As for the economic data, the labor market continued to post surprisingly strong reports. Initial jobless claims fell to their lowest levels since 1973 while January and February saw 238k and 235k nonfarm payrolls created, respectively. However, wage growth was not as strong as expected coming into 2017 despite 19 states raising their minimum wages in January. Equally surprising, actual consumption data was much weaker than expected. January and February saw the first back-to-back monthly declines in real spending since 2009. Nonetheless, sentiment remains very strong for consumers, manufacturers, purchase managers, small businesses, and homebuilders (almost every sentiment index reached cycle highs during 1Q). Also a positive development, the data out of the Eurozone improved in 1Q despite the uncertainty surrounding Brexit, and the three general elections taking place this year in key countries.
Due largely to the stability in the economic data, the markets remained calm in 1Q despite the unexpected rate hike. U.S. interest rates were effectively unchanged with a small flattening of the yield curve. The 10-year Treasury yield fell 5 basis points during the quarter to close at 2.40% while the 2-year yield rose 7 basis points to close at 1.27%. The short-end of the curve was pressured higher by the FOMC rate hike. Despite the FOMC’s assertiveness, the U.S. Dollar ended the quarter down 1.8%, a fact that is likely to be seen as positive by monetary policymakers. Stocks were undeterred by the hike with the Dow rising 4.6%.

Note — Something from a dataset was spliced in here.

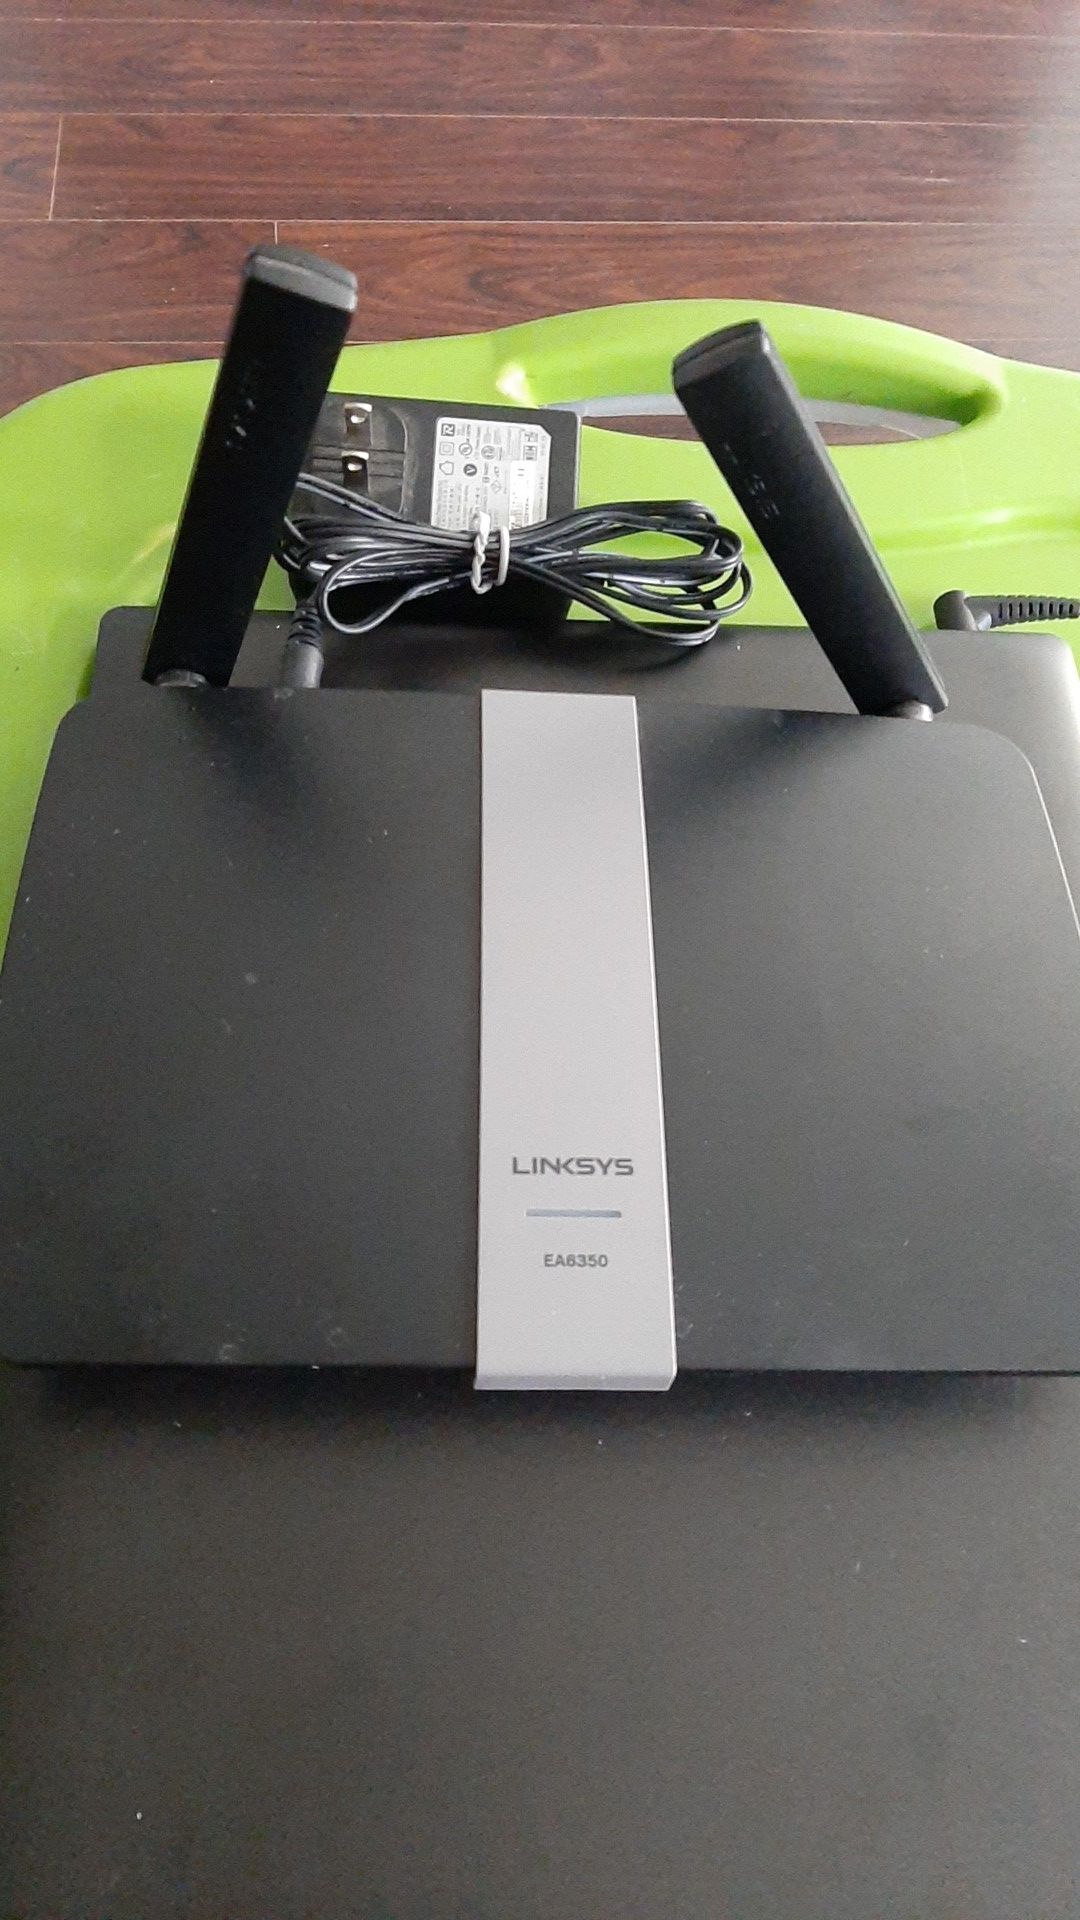 Linksys Dual Band router EA6350

Going forward, there remains quite a bit of uncertainty about the future of fiscal policy. While newly elected President Trump has used executive actions to roll back some regulations, his first attempt at reforming healthcare proved that Republicans are not unified on the correct path forward. This has raised concern among investors that President Trump’s entire economic agenda, what has been largely responsible for the recent run for stock prices, could be in jeopardy. The optimism surrounding tax reform, fewer regulations, and a possible infrastructure investment program have all been tempered. President Trump’s political success will be key to market performance over the coming quarters.